(Oct. 15, 2019) – With all the shiny new buildings going up around campus, it can be easy to overlook the historical ones right next door. Tucked behind oak trees on 2nd Street South are two houses that are each well over 100 years old.
The John C. Williams House and C. Perry Snell House have been landmarks at USF St. Petersburg since they were moved to the campus from their original locations in the 1990s. Over the years, the buildings have served as event spaces and offices for university departments, such as History, Politics and Philosophy. They have even played stage for the St. Petersburg Shakespeare Festival. But as the Bard once wrote, “True is it that we have seen better days.”
Efforts are now underway to help restore and preserve these venerated buildings for future generations of students, faculty and staff through grants and protective statuses. A recent grant application submitted by USF St. Petersburg to the state of Florida could help fund a master plan to maintain the Williams House for years to come.
“These two houses are so critical to the history of St. Pete,” said Paul Palmer, Principal at Renker Eich Parks Architects, who has worked on past restoration of the buildings and helped with the recent grant proposal. “The Williams House is a Victorian-era building with Queen Anne treatments. It’s one of the earliest frame buildings built in the city. The Snell House is a Dutch Colonial Revival style with Queen Anne influences. They make a good pair and they’re both good examples of early St. Petersburg architecture.”

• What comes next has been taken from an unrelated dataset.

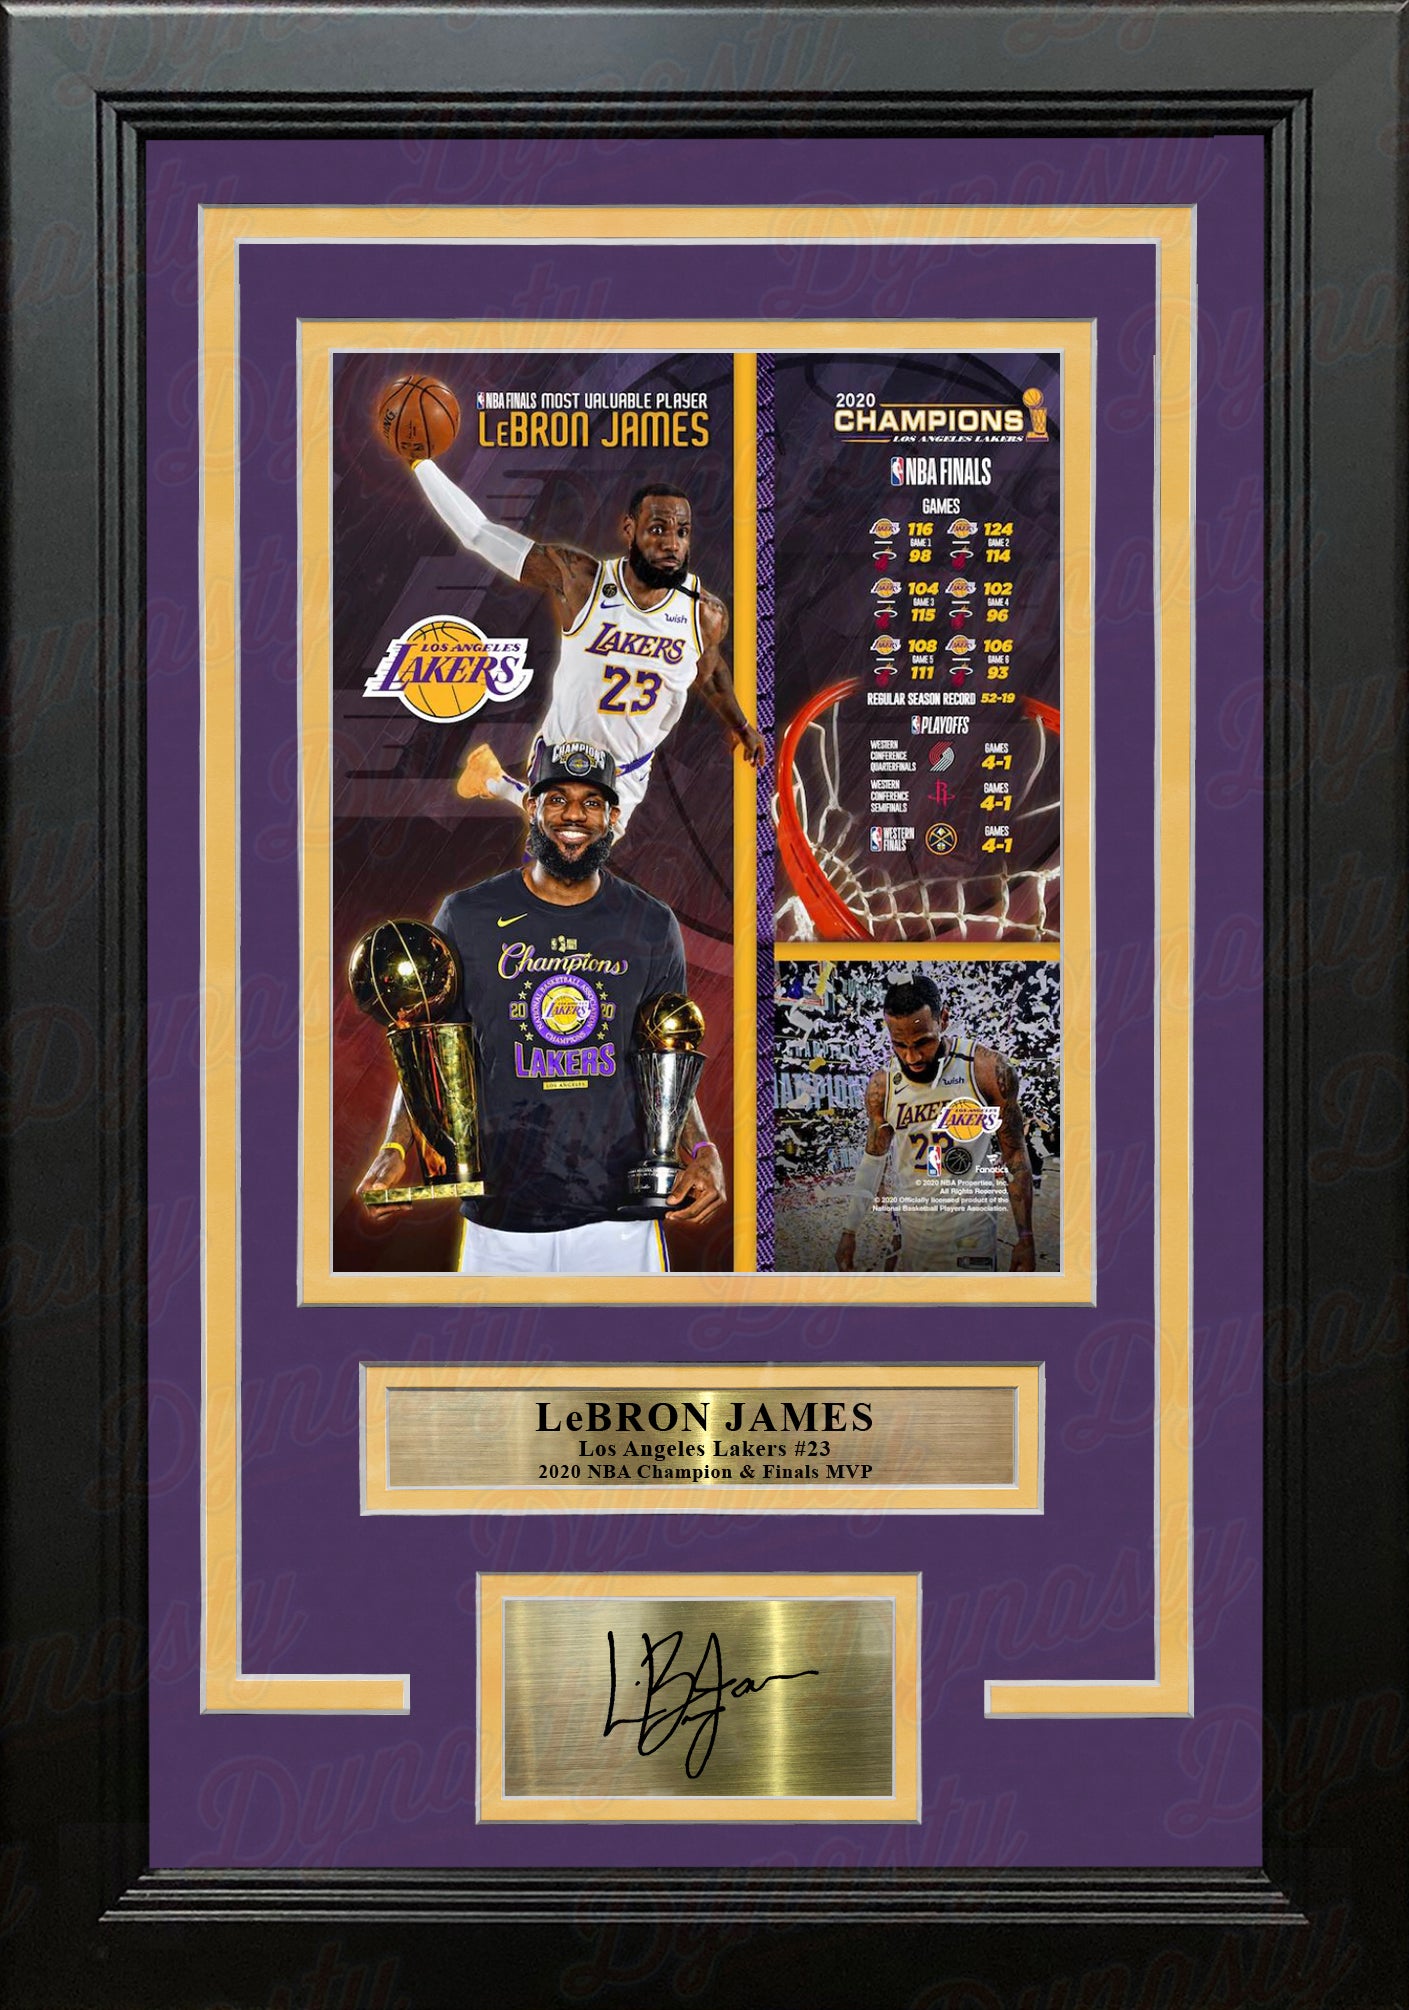 LeBron James 2020 NBA Champions LA Lakers 8x10 Framed Collage Photo with Engraved Autograph - Dynasty Sports & Framing

Built in 1891, the Williams House is one of the oldest surviving buildings in St. Petersburg. Featuring stained glass windows, a steep roof and an octagonal turret, the building was the home of General John C. Williams, a Civil War veteran and one of the co-founders of the city, who came to Florida in the mid 1870s and devoted his energy to bringing a railroad to Pinellas County.
Although the General only resided in the house for less than a year, dying in April 1892, his namesake building lived on. In 1906, the Manhattan Hotel Company purchased the Williams House and converted it to a lodging. The fifteen-room building boasted some of the finest furnishings of its time and was in use as a hotel for nearly ninety years at its original 444 5th Avenue South address.
The C. Perry Snell House was named after a prominent local developer, who also resided in the home. Built in 1904, the house featured electricity and a basement, both highly unusual in Florida at the time, as well as a gambrel roof, classical columns, bay windows and porch. Over time the house came under the ownership of Bay Plaza Co., who used it as offices while working on projects in downtown St. Petersburg.
In the 1990s, the fates of both houses and USF St. Petersburg intersected. The University was expanding and in need of new facilities. The owners of Williams and Snell houses were looking to donate them as their upkeep was proving too costly.
On the night of August 17, 1993, over 150 people—including many USF St. Petersburg employees—stayed up all night to watch movers lift up and haul the historic Snell House from its location at 106 2nd Avenue North to its current location on campus.
“It was an amazing, breathtaking experience to watch,” said Sudsy Tschiderer, Special Projects Manager at USF St. Petersburg, whose office is in the Snell House. She recalls how house movers prepped the site for days prior to moving the building, including dismantling the house from its basement, and remembers the cheers of the crowd as the house was finally placed in its new location.
Less than four years later, the Williams House received the same treatment, as it was lifted and moved three blocks on the night of March 29, 1997.
With the houses safely on campus, “the University became a trusted guardian of our community’s history,” Tschiderer said. “It’s so rewarding to see new students come into these houses for the first time and experience this other element of our beautiful campus.”
The university has elected to be a lifelong steward of these buildings, but upkeep can be costly for St. Petersburg’s historic homes. Recent repairs have included exterior flooring on the Williams House and a new roof and repaired stucco on the Snell House.
Which is why Dr. Michael Francis, Chair of History and Political Science, Dr. Susan Toler, Associate Dean of the College of Arts & Sciences, and others have been hard at work trying to attain grant funding available for preserving historic properties. USF St. Petersburg recently submitted an application for a $50,000 grant, which, if approved, the University would match with another $50,000. A capital improvement grant of up to $500,000 could follow at a later date.
The Williams House is on the Florida and U.S. National Register of Historic Places. The Snell House is currently only recognized as historic by the state. In the future, the University plans to apply for national historic status for Snell House as well. Meanwhile, Palmer said the houses could be added as destinations to the St. Petersburg’s downtown historic district walking tour, including signage to communicate their significance to passing pedestrians.
USF St. Petersburg remains committed to the upkeep and preservation of the city’s history. In seeking and hopefully obtaining grant funding, the future of the University is one with a preserved and restored Williams and Snell House.
“USF St. Petersburg has done a great job as stewards of these homes,” said Palmer. “The steps the University has taken to secure a grant to do a master plan is the true commitment to keep the houses maintained for the long term.”